Experimental Results

Figure 2 compares PWIL with DAC and BC. Note that PWIL is able to learn from a single demonstration for challenging tasks such as Humanoid.

Figure 10 demonstrates the result of the ablation study, where

  • PWIL-state does not use the expert’s actions.This leads to a huge performance drop in Walker2d while leave the other almost the same.
  • PWIL-nofill does not prefill the replay buffer with expert transitions.

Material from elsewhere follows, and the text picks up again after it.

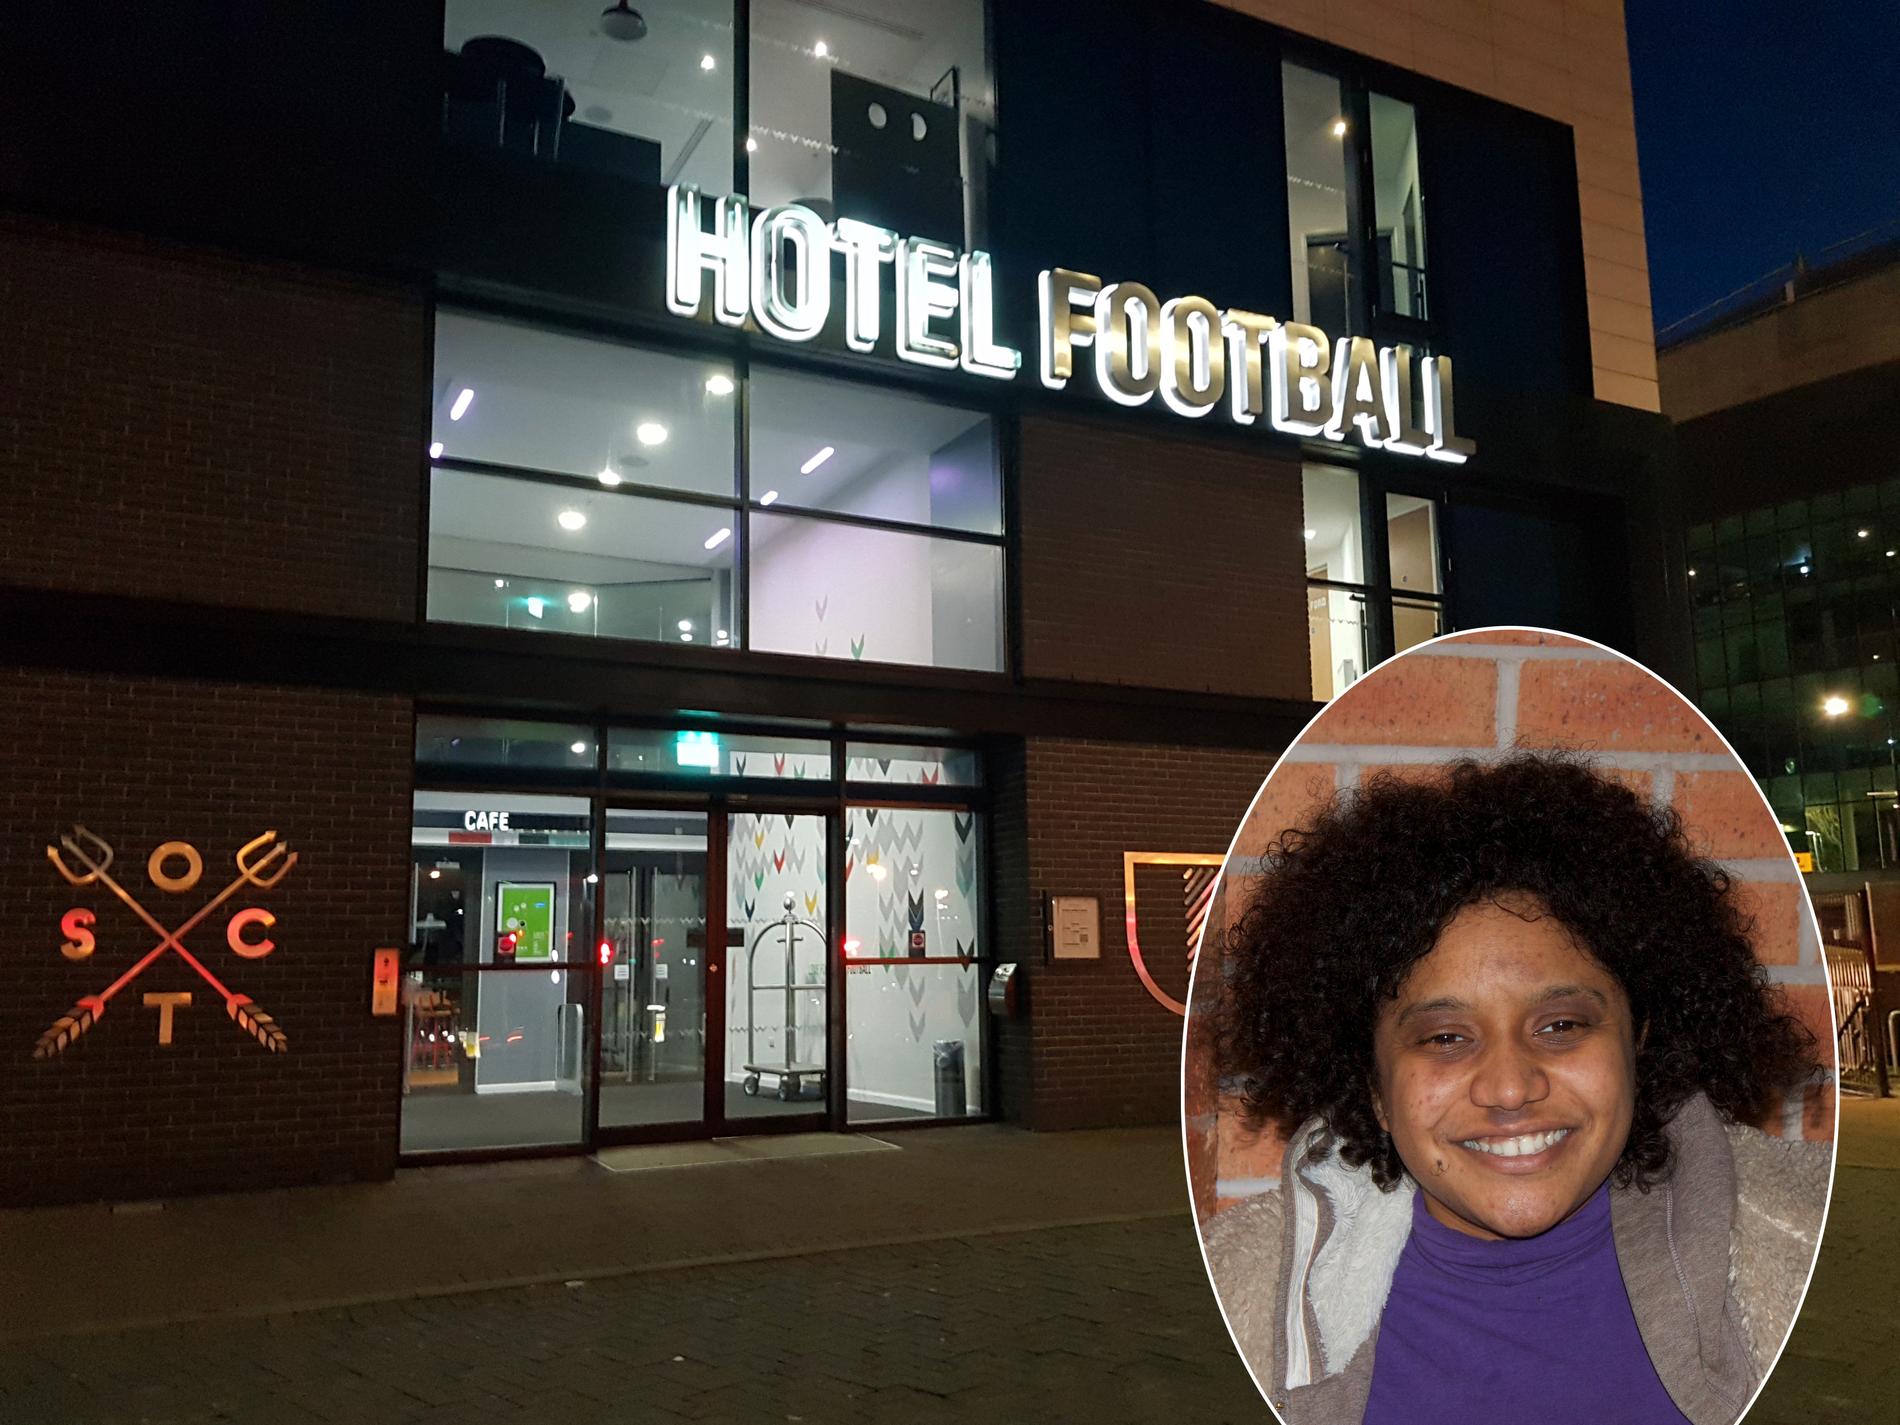 På pubel Hotel Football träffar Sportbladet Natalie Burrell.

This leads to a drop in performance in most games, especially for Walker
  • PWIL-L2 uses the simple L2 distance without normalization. This results in a significant drop in all environments except for Hopper and Walker2d
  • PWIL-support does not constrain the target capacity. In other words, we no longer have the while loop in the algorithm. This leads to a significant drop in Walker2d and a slight drop in Hopper.

References

Dadashi, Robert, Léonard Hussenot, Matthieu Geist, and Olivier Pietquin. 2020. “Primal Wasserstein Imitation Learning.” ArXiv, 1–19.